Prove the following by using the principle of mathematical induction for all n ∈ N:

Solution:

Let the given statement be P(n), i.e.,

$\mathrm{P}(n):\left(1+\frac{3}{1}\right)\left(1+\frac{5}{4}\right)\left(1+\frac{7}{9}\right) \ldots\left(1+\frac{(2 n+1)}{n^{2}}\right)=(n+1)^{2}$

For n = 1, we have

$P(1):\left(1+\frac{3}{1}\right)=4=(1+1)^{2}=2^{2}=4$, which is true.

Let P(k) be true for some positive integer k, i.e.,

$\left(1+\frac{3}{1}\right)\left(1+\frac{5}{4}\right)\left(1+\frac{7}{9}\right) \ldots\left(1+\frac{(2 k+1)}{k^{2}}\right)=(k+1)^{2}$ $\ldots(1)$

We shall now prove that P(k + 1) is true.

Consider

$\left[\left(1+\frac{3}{1}\right)\left(1+\frac{5}{4}\right)\left(1+\frac{7}{9}\right) \ldots\left(1+\frac{(2 k+1)}{k^{2}}\right)\right]\left\{1+\frac{\{2(k+1)+1\}}{(k+1)^{2}}\right\}$

$=(k+1)^{2}\left(1+\frac{2(k+1)+1}{(k+1)^{2}}\right)$ [Using(1)]

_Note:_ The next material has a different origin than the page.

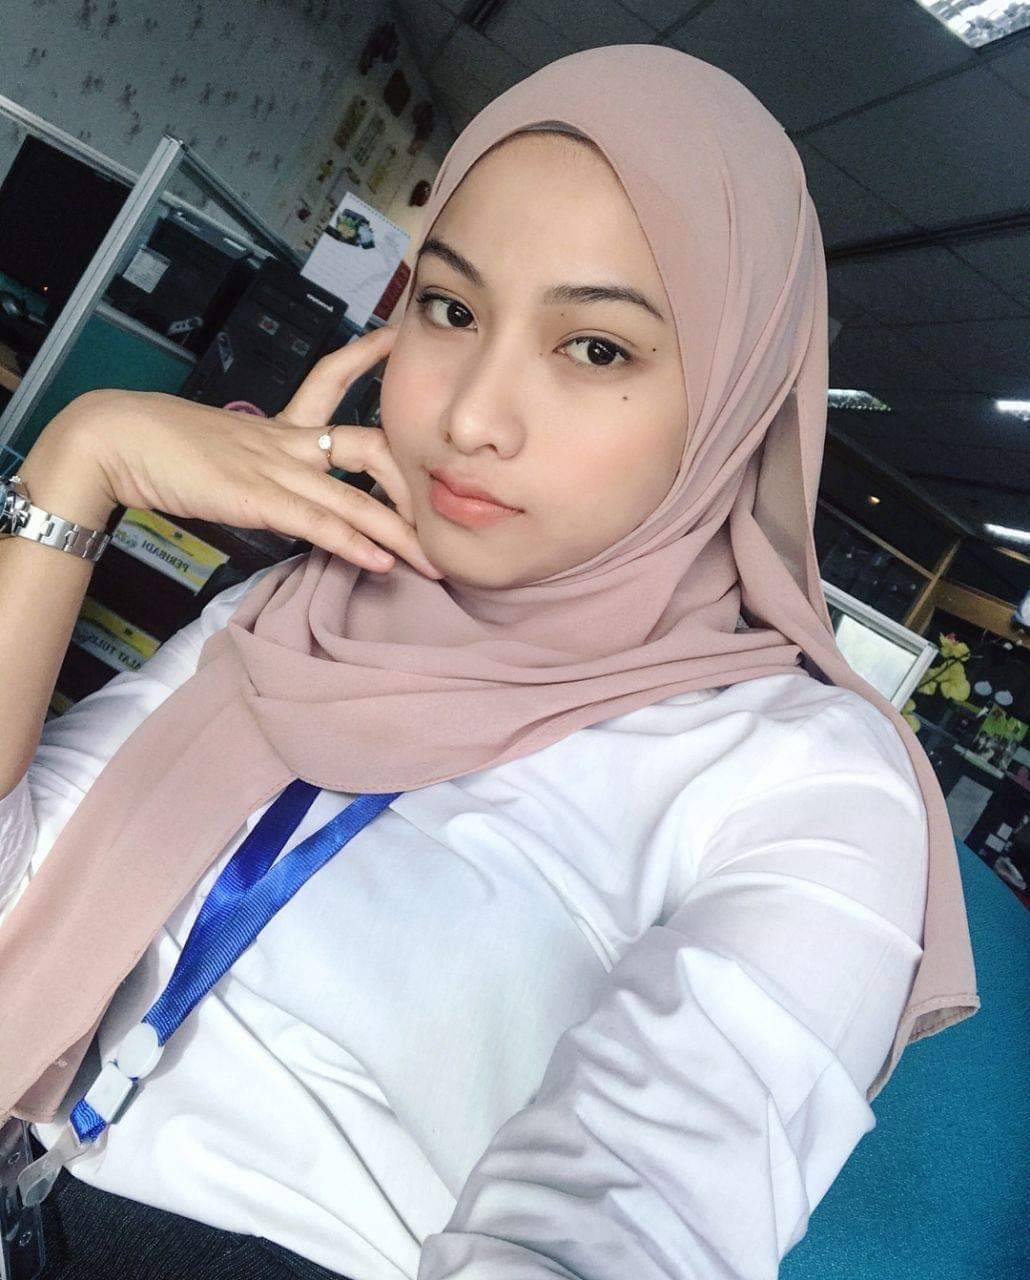 Main cantik. Малайзия девушки. Abg sma Colmek 2021. Tia Azman. Малайзия скандал хиджаб.

$=(k+1)^{2}\left[\frac{(k+1)^{2}+2(k+1)+1}{(k+1)^{2}}\right]$

$=(k+1)^{2}+2(k+1)+1$

$=\{(k+1)+1\}^{2}$

Thus, P(k + 1) is true whenever P(k) is true.

Hence, by the principle of mathematical induction, statement P(n) is true for all natural numbers i.e., n.